• [Directions]:
Exactly reproduce all the records, keeping pictures out of the copy.

---------- Records provided ----------

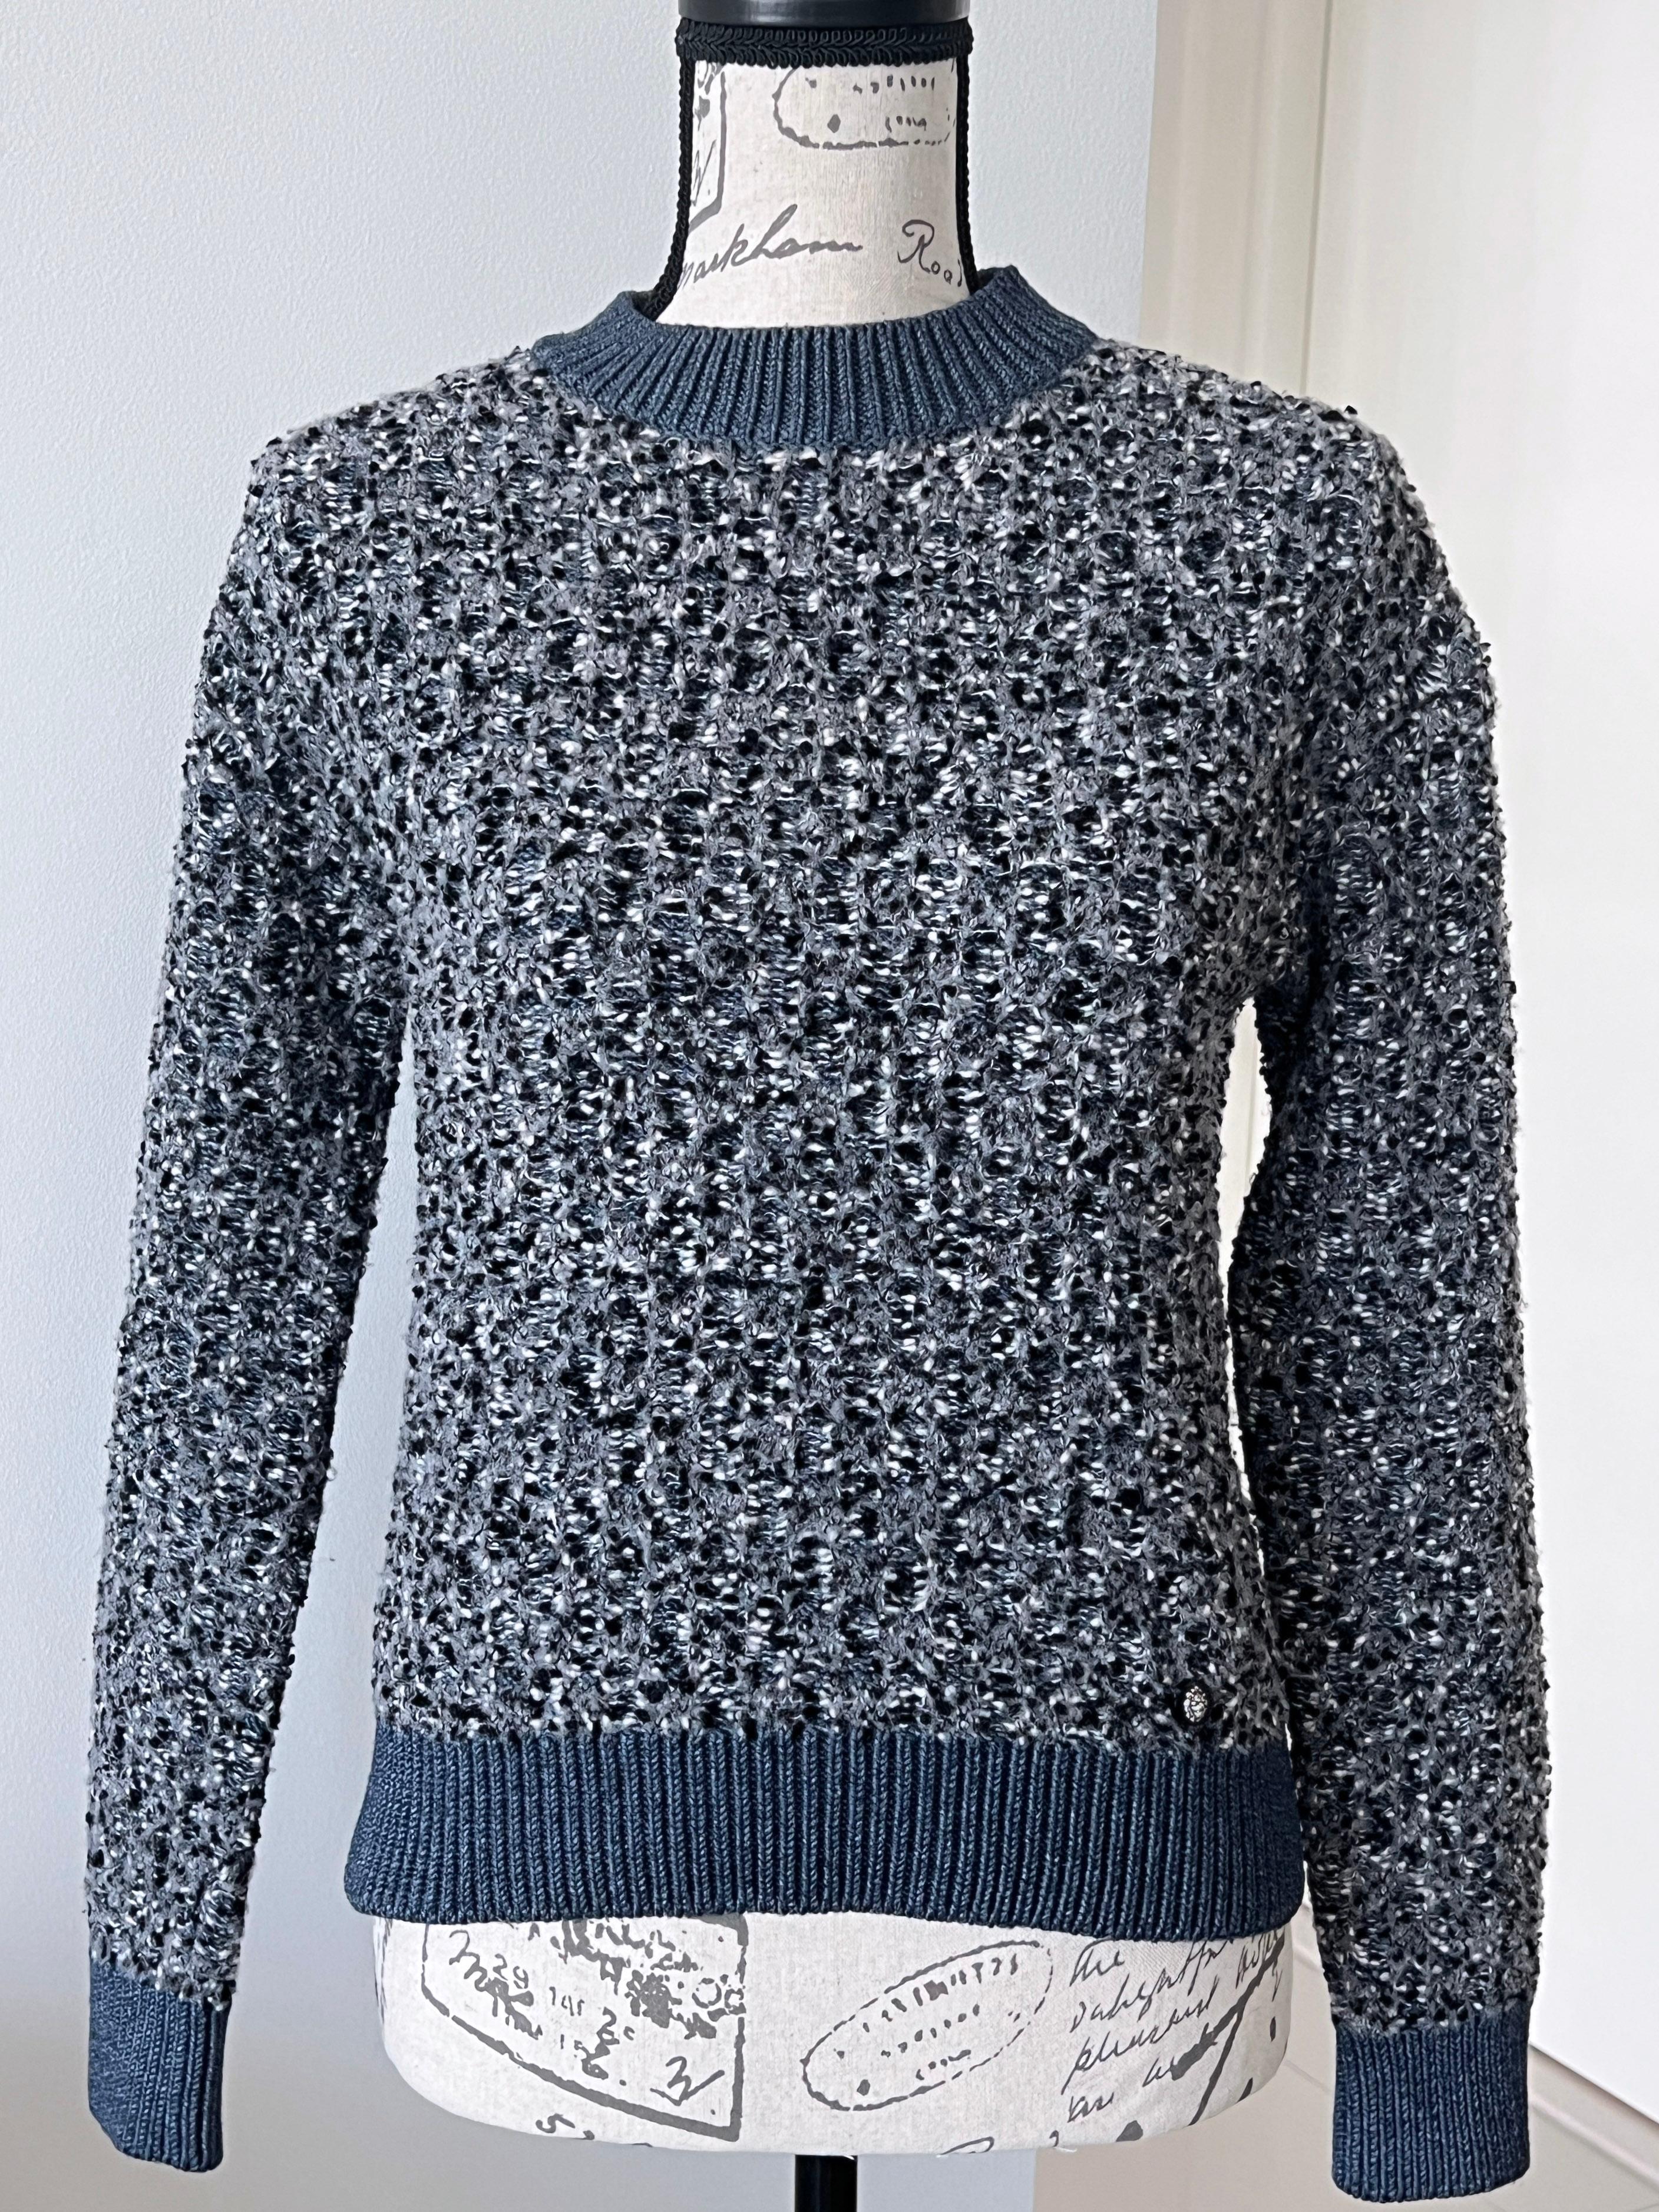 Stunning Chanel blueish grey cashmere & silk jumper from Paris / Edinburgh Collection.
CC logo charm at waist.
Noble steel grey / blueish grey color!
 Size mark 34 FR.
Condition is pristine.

----------

• [Answer space]:
 Stunning Chanel blueish grey cashmere & silk jumper from Paris / Edinburgh Collection.
CC logo charm at waist.
Noble steel grey / blueish grey color!
 Size mark 34 FR.
Condition is pristine.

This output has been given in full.